Em terceiro lugar, e conforme referimos em 2.2, as competências indicadas não
contemplam objectivos específicos para o 1º ciclo, fazendo passar
involuntariamente a mensagem que, neste ciclo, não se trata de um assunto muito
importante. Na verdade, o 1º ciclo seria o momento adequado para a introdução
das noções de média e moda, bem como a de frequência absoluta, para além de
iniciar a aprendizagem de formas de representação de dados como pictogramas e
gráficos de barras.
3.4 Álgebra e funções
As competências a serem desenvolvidas ao longo de todos os ciclos apresentam-se
coincidentes com temáticas semelhantes presentes em currículos estrangeiros. A
ênfase no estudo de regularidades e a sua representação através de múltiplos
processos, a manipulação de equações e o uso das noções de correspondência
e transformação são aspectos muito importantes deste tema e estão
explicitados na proposta.
1) Uma questão genérica. Conforme referimos em 2.2, o facto de apenas ser
apresentada uma concretização de competências para o 3º ciclo, faz passar a
mensagem de que nos outros ciclos estes aspectos têm difícil aplicação.

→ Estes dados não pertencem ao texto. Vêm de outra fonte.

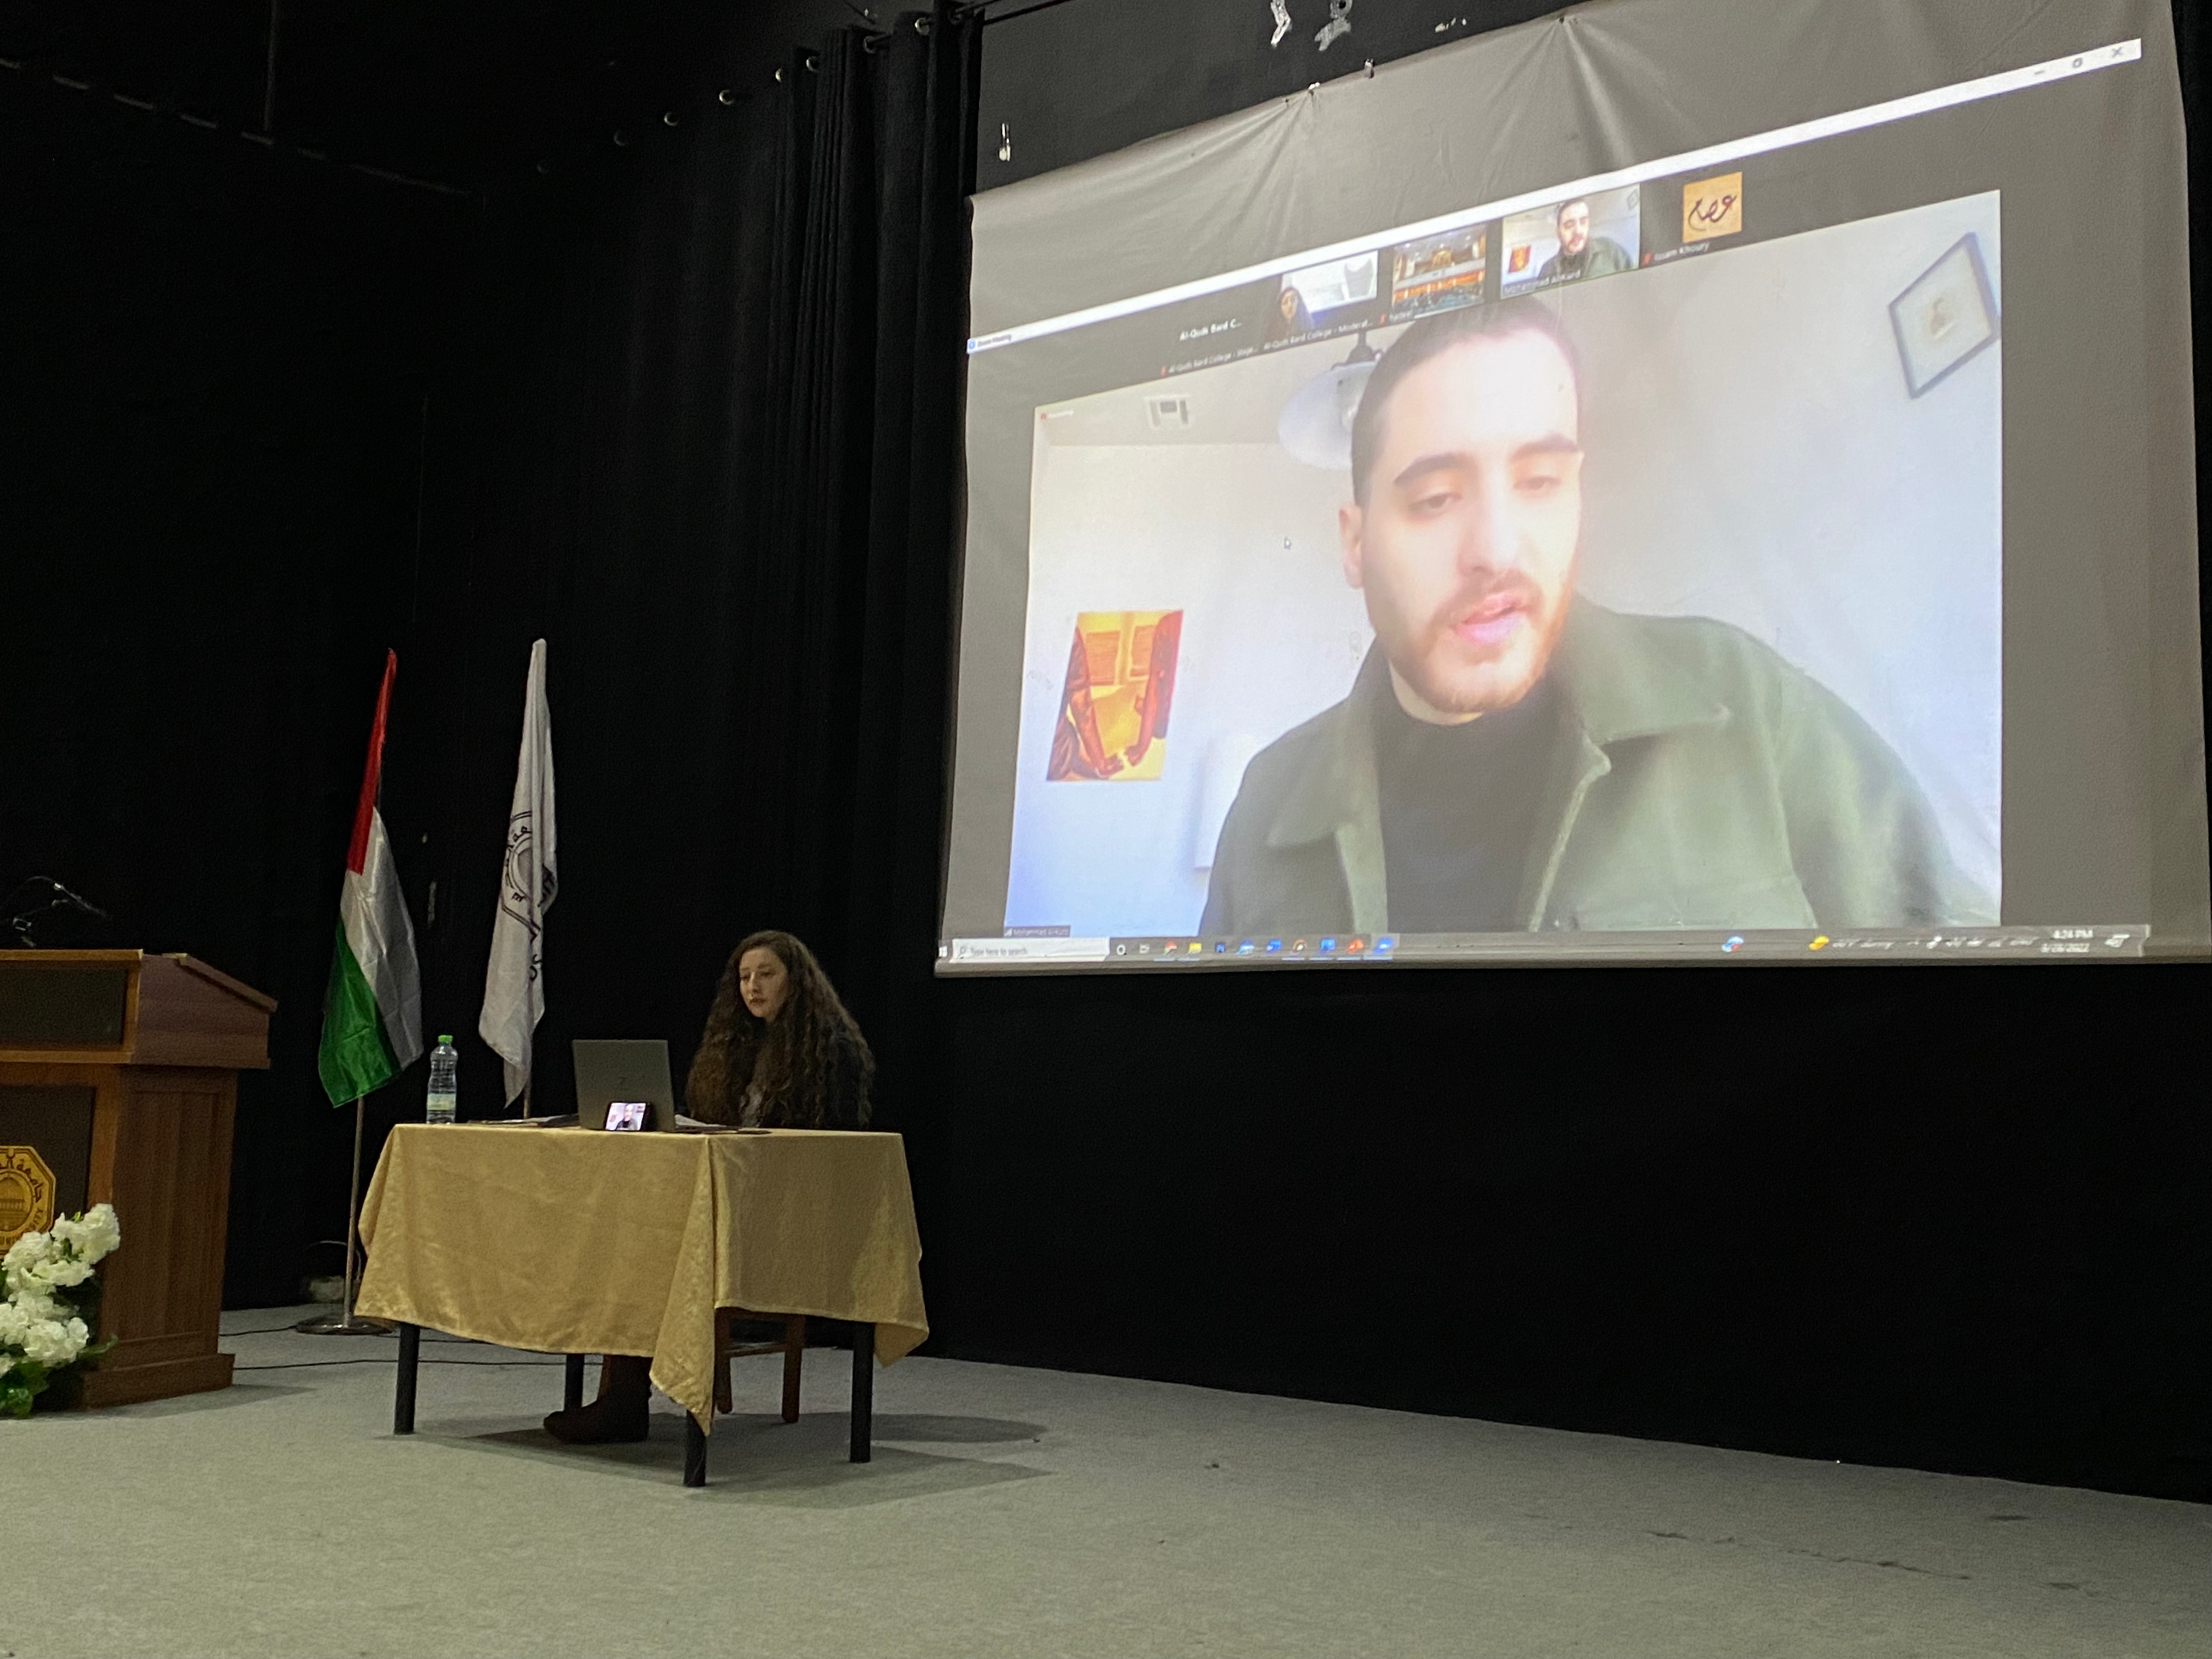 Dalia Alayassa (seated at table) and Mohammad El-Kurd (on Zoom, projected onto a large screen behind Dalia).

Nesse sentido, apresentamos duas sugestões para a inclusão de alguns aspectos
referentes ao 1º e ao 2º ciclos.
1a) Funções. Os dois currículos analisados propõem desde muito cedo o estudo
de padrões e relações. Embora este aspecto também esteja referido na secção
sobre Números (melhorar o conceito de número) penso que deve existir aqui uma
nova referência, enfatizando a importância propedêutica de uma abordagem pré-funcional
deste estudo de padrões e relações.
1b) Álgebra. "Equações" muito simples são já resolvidas muito
cedo, como extensão das propriedades das operações aritméticas. As fórmulas
(que podem ser encaradas como funções) são também usadas desde cedo. Por
exemplo, quer os americanos, quer os ingleses, encaram estes dois usos como uma
extensão (uma antecipação no tempo) do uso da álgebra e das funções a níveis
etários mais baixos.
2) Alguns currículos estrangeiros realçam a ideia de que a álgebra assenta
numa codificação complexa de propriedades aritméticas sugerindo
implicitamente que o ensino da primeira deve estabelecer ligações fortes com
as segundas. Esta recomendação está de acordo com os resultados da investigação,
que aponta precisamente para a necessidade de uma ligação números-equações,
como forma de evitar uma aprendizagem meramente instrumental da álgebra. Esta
perspectiva, no entanto, não é referida na presente proposta.